ECLI:NL:RBZWB:2024:7335

Rechtbank Zeeland-West-Brabant

Datum uitspraak
15 oktober 2024
Publicatiedatum
29 oktober 2024
Zaaknummer
02-070550-23
Instantie
Rechtbank Zeeland-West-Brabant
Type
Uitspraak
Rechtsgebied
Strafrecht
Procedures
  • Op tegenspraak
Vindplaatsen
  • Rechtspraak.nl
AI samenvatting door LexboostAutomatisch gegenereerd

Veroordeling voor mishandeling van stiefzoon en partner met bijzondere voorwaarden en taakstraf

Op 15 oktober 2024 heeft de Rechtbank Zeeland-West-Brabant uitspraak gedaan in een strafzaak tegen een verdachte die zich schuldig heeft gemaakt aan mishandeling van zijn zesjarige stiefzoon en zijn levensgezel. De feiten vonden plaats op 10 maart 2023, waarbij de verdachte zijn stiefzoon mishandelde door hem uit bed te trekken en onder een koude douche te zetten, en zijn partner te duwen en haar keel dicht te knijpen. De verdachte heeft een bekennende verklaring afgelegd en er is geen bewijsverweer gevoerd door de verdediging. De rechtbank achtte de feiten wettig en overtuigend bewezen op basis van de bekennende verklaring van de verdachte en de inhoud van het procesdossier.

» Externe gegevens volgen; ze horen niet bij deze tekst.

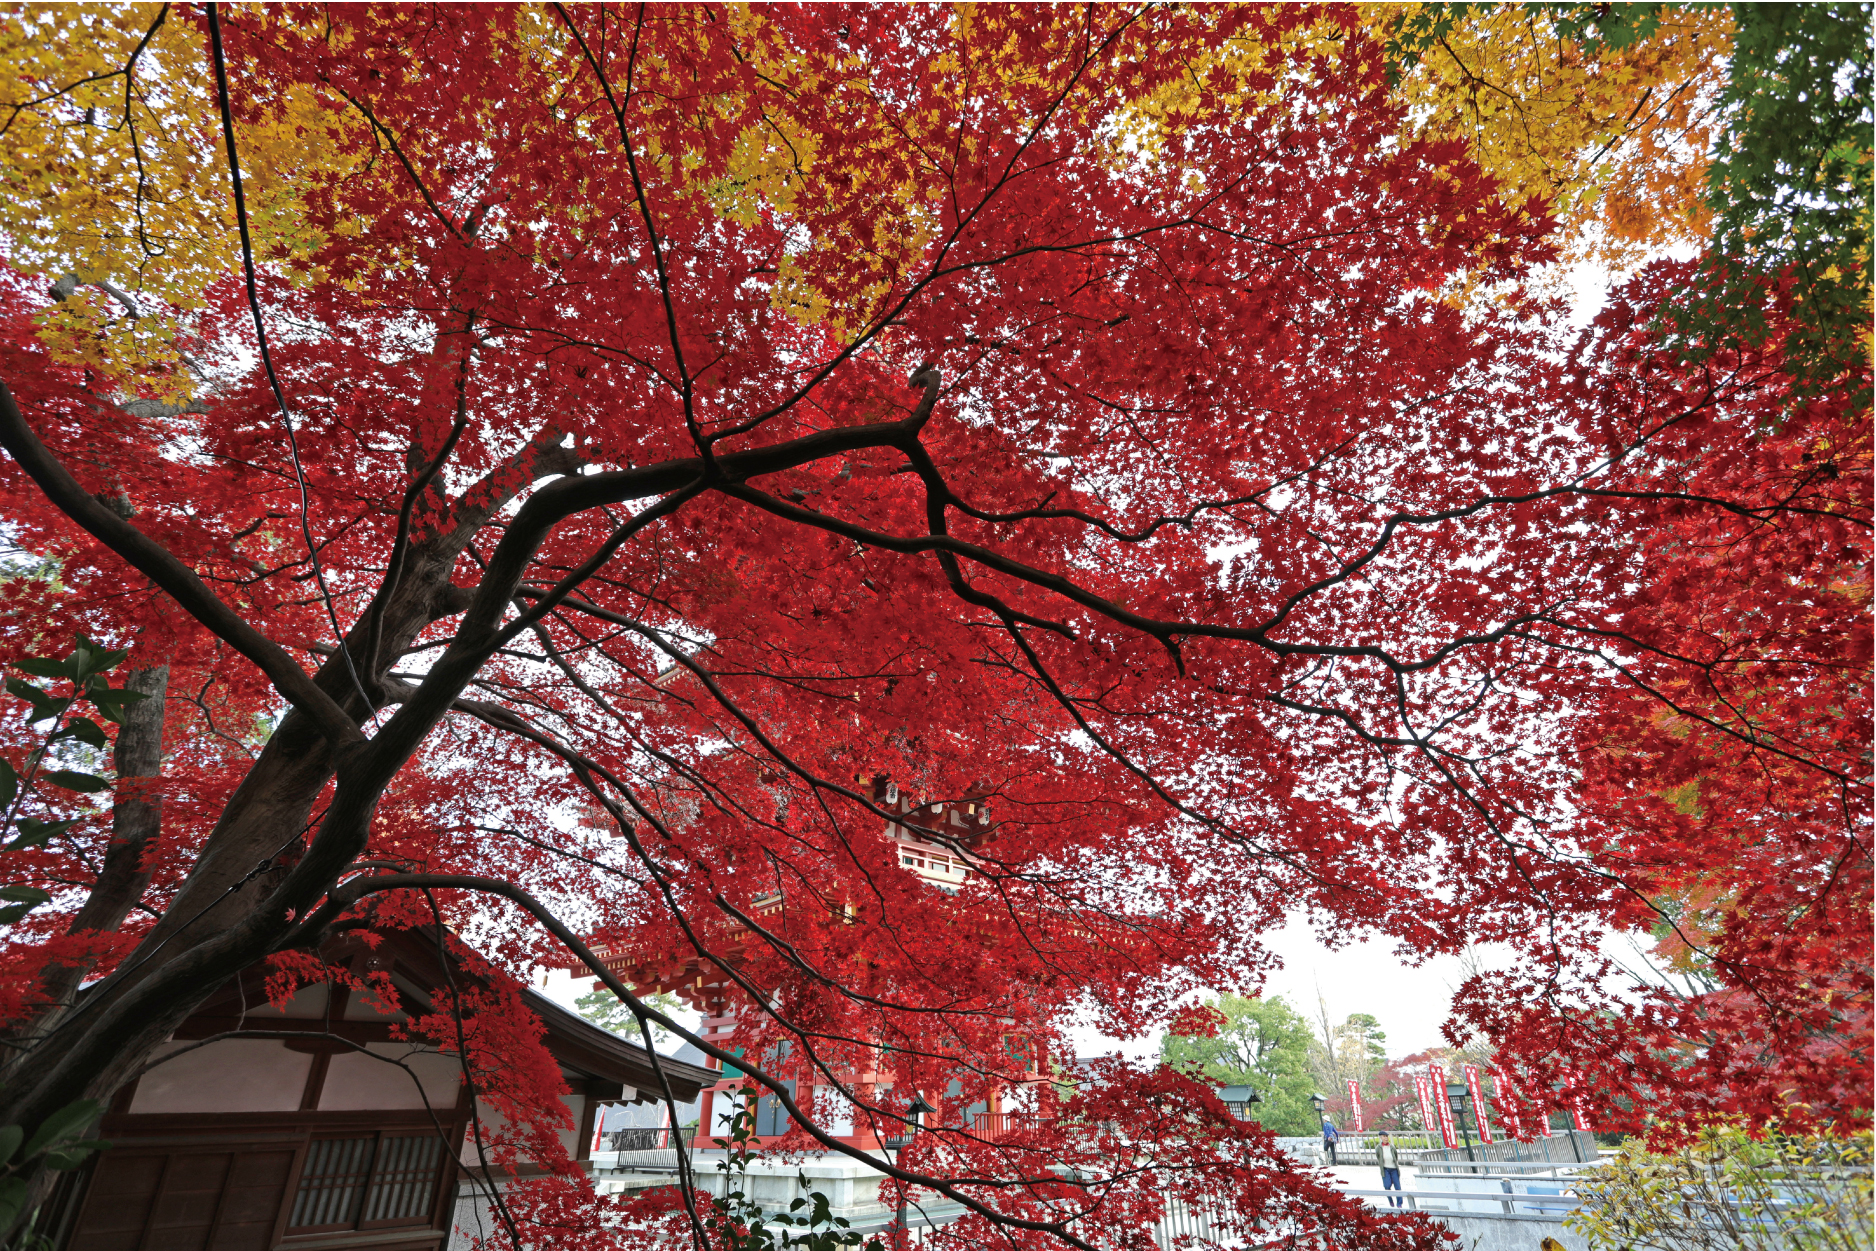 Takahata Fudo-son Autumn festival

De rechtbank heeft de verdachte veroordeeld tot een gevangenisstraf van 34 dagen, waarvan 30 dagen voorwaardelijk met een proeftijd van twee jaar. Daarnaast is er een taakstraf van 70 uur opgelegd. De rechtbank heeft bijzondere voorwaarden verbonden aan de voorwaardelijke straf, waaronder een meldplicht bij de reclassering en ambulante behandeling. De rechtbank heeft rekening gehouden met de positieve ontwikkelingen in het leven van de verdachte, zoals zijn abstinentie van alcohol en drugs en zijn meewerkende houding na de feiten. De rechtbank heeft geoordeeld dat de opgelegde straf recht doet aan het leed dat de verdachte heeft veroorzaakt, maar ook ruimte biedt voor zijn positieve ontwikkeling.

Uitspraak

RECHTBANK ZEELAND-WEST-BRABANT

Strafrecht
Zittingsplaats: Breda
parketnummer: 02/070550-23
vonnis van de meervoudige kamer van 15 oktober 2024
in de strafzaak tegen
[verdachte]
geboren op [geboortedag 1] 1992 te [geboorteplaats]
wonende te [woonadres]
raadsman mr. M.C.F. Jansen, advocaat te Breda

1.Onderzoek van de zaak

De zaak is inhoudelijk behandeld op de zitting van 15 oktober 2024, waarbij de officier van justitie mr. L.J. den Braber en de verdediging hun standpunten kenbaar hebben gemaakt.

2.De tenlastelegging

De tenlastelegging is als bijlage I aan dit vonnis gehecht.
De verdenking komt er, kort en feitelijk weergegeven, op neer dat verdachte zich op 10 maart 2023 schuldig heeft gemaakt aan:
mishandeling van een minderjarig kind dat hij verzorgde of opvoedde als behorend tot zijn gezin, te weten [slachtoffer 1] , en
mishandeling van zijn levensgezel [slachtoffer 2]

3.De voorvragen

De dagvaarding is geldig.
De rechtbank is bevoegd.
De officier van justitie is ontvankelijk in de vervolging.
Er is geen reden voor schorsing van de vervolging.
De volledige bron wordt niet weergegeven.